TASK TO CARRY OUT >> Below is a listing; transcribe it exactly but without any images.

GIVEN INFORMATION >>

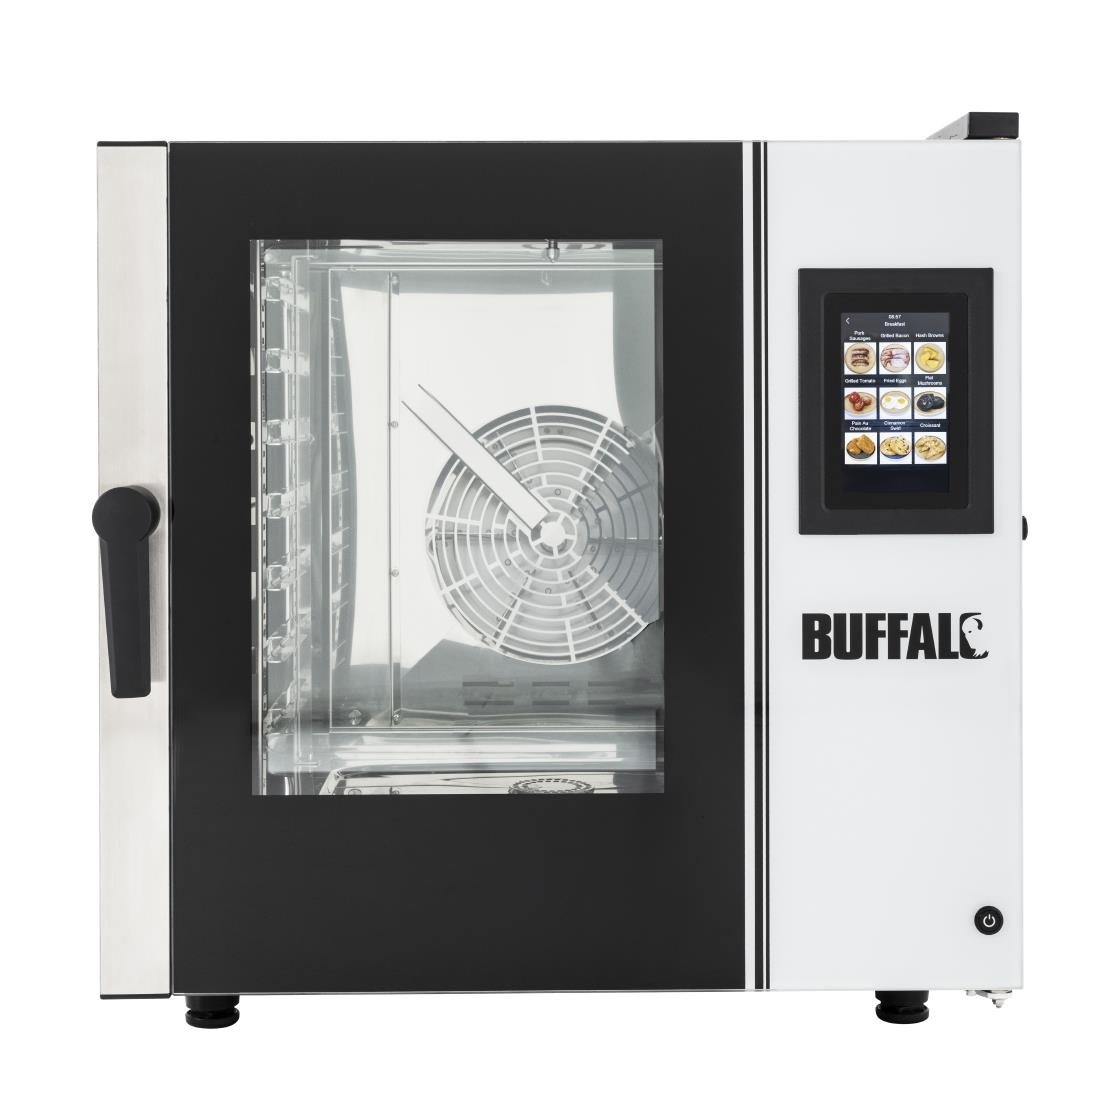 SA771 Buffalo Freestanding Smart Touchscreen Combi Oven 7 x GN 1/1 with Installation Kit and Extraction Hood
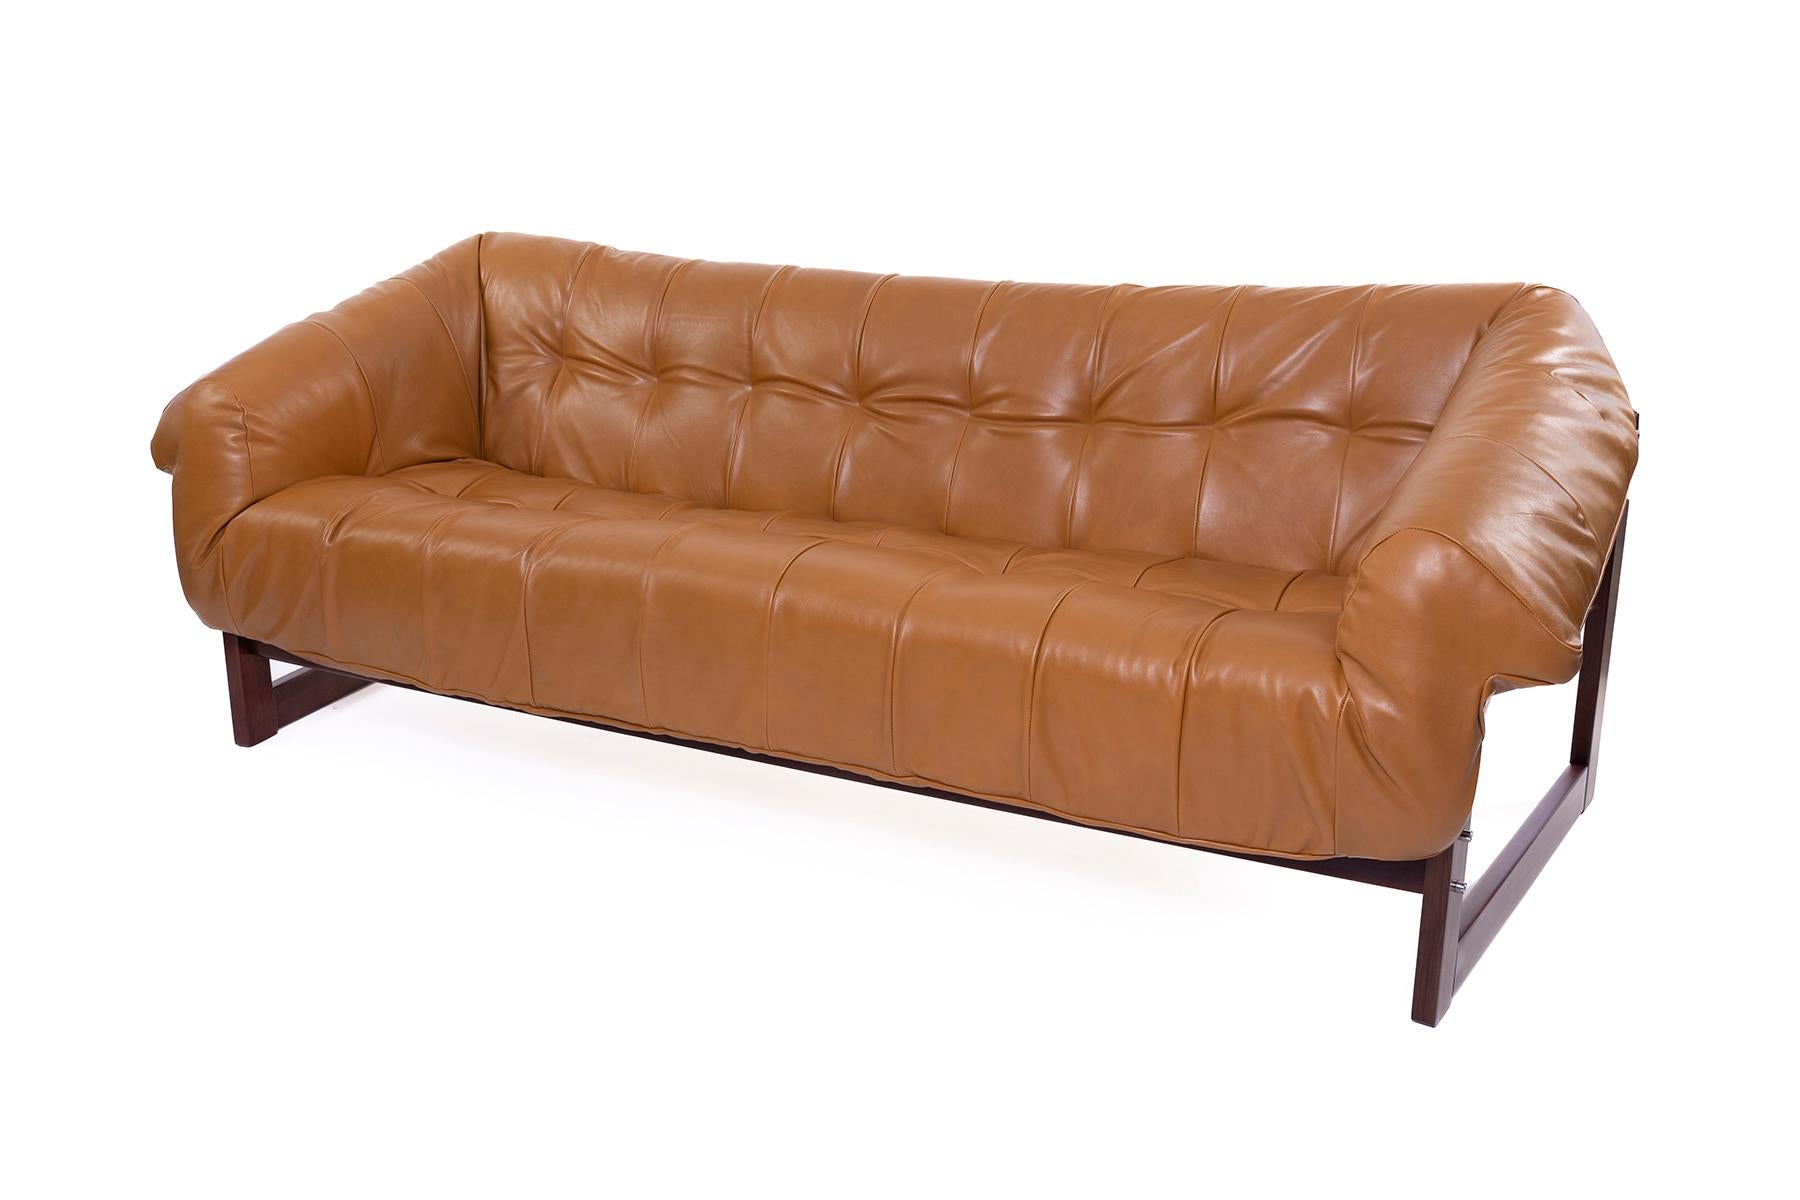 Brazilian Percival Lafer 1970s sling sofa newly upholstered in Maharam cognac leather. Rosewood frasme has been newly finished. Sits extremely comfortably!
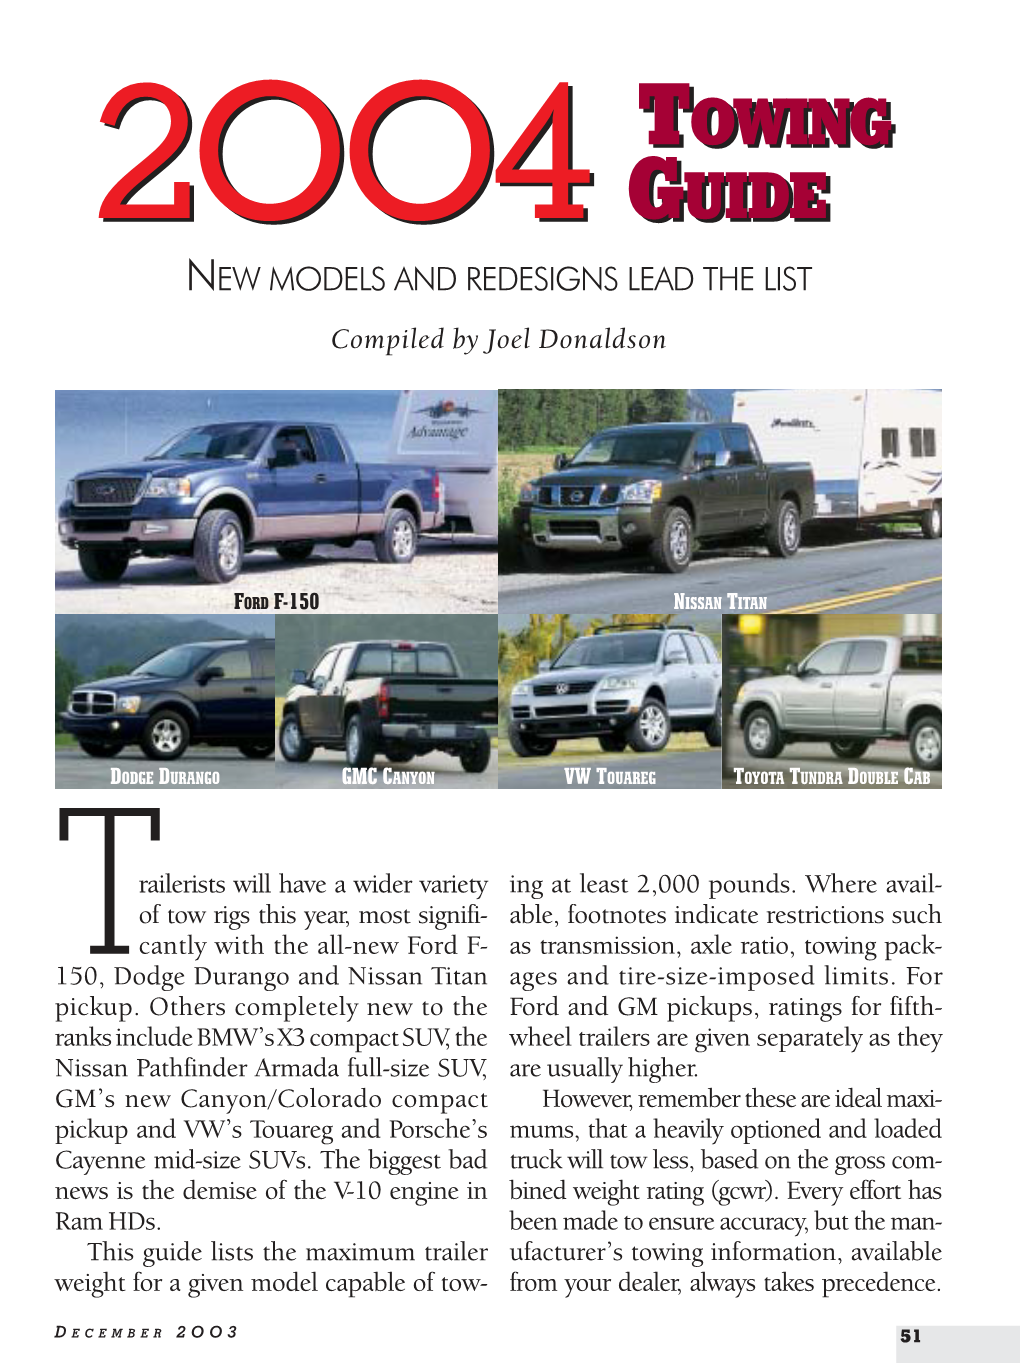 2004 Towing Guide

SOLVED EXERCISE >>
 SA771 Buffalo Freestanding Smart Touchscreen Combi Oven 7 x GN 1/1 with Installation Kit and Extraction Hood
 Brazilian Percival Lafer 1970s sling sofa newly upholstered in Maharam cognac leather. Rosewood frasme has been newly finished. Sits extremely comfortably!
 2004 Towing Guide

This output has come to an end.